4. Figure out what our clusters represent!

Here’s where unsupervised classification gets interesting - we have 4 clusters, but we don’t know which is which! The algorithm just labeled them 1, 2, 3, and 4. We need to examine the spectral characteristics of each cluster to determine what landcover type each represents.

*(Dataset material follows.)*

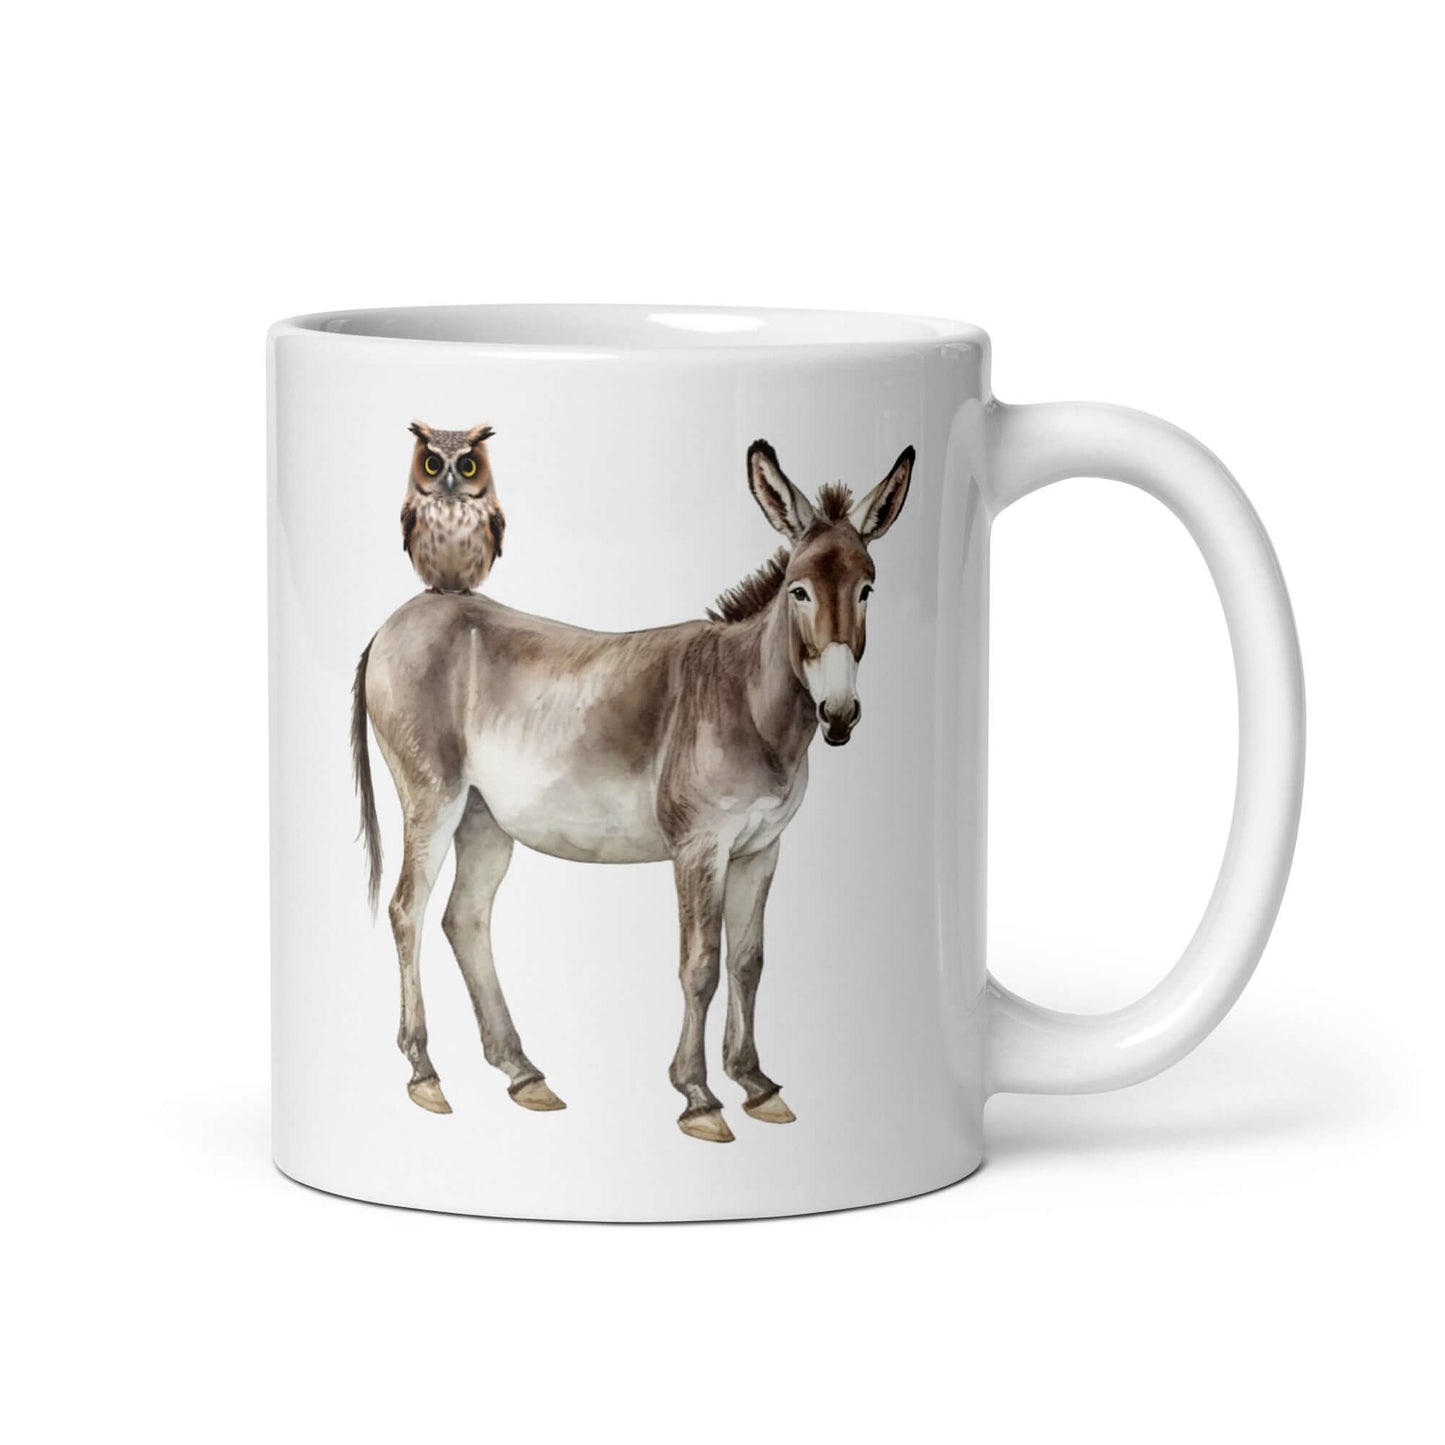 Donkey owl sarcastic pun mug

We’ll calculate the mean reflectance values for each band within each cluster. By looking at these patterns, we can identify clusters:

  • High NIR, low red → likely green vegetation (healthy plants reflect NIR strongly)
  • Low NIR, high blue → likely water (water absorbs NIR)
  • High values across all bands → likely soil/dead grass (high overall reflectance)
  • Moderate values → likely urban areas
Code 
# Look at cluster characteristics to determine landcover type
landsat_df %>%
  group_by(cluster) %>%
  summarise(
    blue = mean(blue),
    green = mean(green),
    red = mean(red),
    NIR = mean(NIR),
    SWIR1 = mean(SWIR1),
    SWIR2 = mean(SWIR2),
    n_pixels = n()
  ) %>%
  arrange(cluster) %>% 
  knitr::kable(digits = 2, 
               caption = "Mean Spectral Values by Cluster")
Mean Spectral Values by Cluster
cluster blue green red NIR SWIR1 SWIR2 n_pixels
1 8.61 12.18 14.28 21.46 29.20 22.33 68205
2 5.67 8.24 9.24 20.10 22.01 15.47 182886
3 3.36 5.04 5.09 17.69 14.71 8.65 297407
4 2.51 2.27 1.14 1.04 0.51 0.48 250431
Code 
# Set category labels

levels(SB_classification_kmeans) <- data.frame(
  ID = 1:4,
  landcover = c("soil/dead grass", "urban", "green vegetation", "water")
)

5. Plot Results

Now we can plot the results and check out our land cover map!

Code 
# plot results
kmeans_plot <- tm_shape(SB_classification_kmeans) +
  tm_raster(
    col.scale = tm_scale(
      values = c("#F2DDA4","#7E8987",  "#8DB580","#6A8EAE"),
      labels = c("soil/dead grass", "urban", "green vegetation", "water")
    ),
    col.legend = tm_legend("Landcover type")
  ) +
  tm_title(text = "K- Means Landcover Classification") + 
  tm_layout(legend.position = c("left", "bottom"))

kmeans_plot

6. Compare our decision tree and kmeans algorithm classification

Now let’s compare our two approaches side-by-side! The decision tree used labeled training data to learn classification rules, while k-means found natural groupings without any training.

tmap_arrange(dt_plot, kmeans_plot, nrow = 1)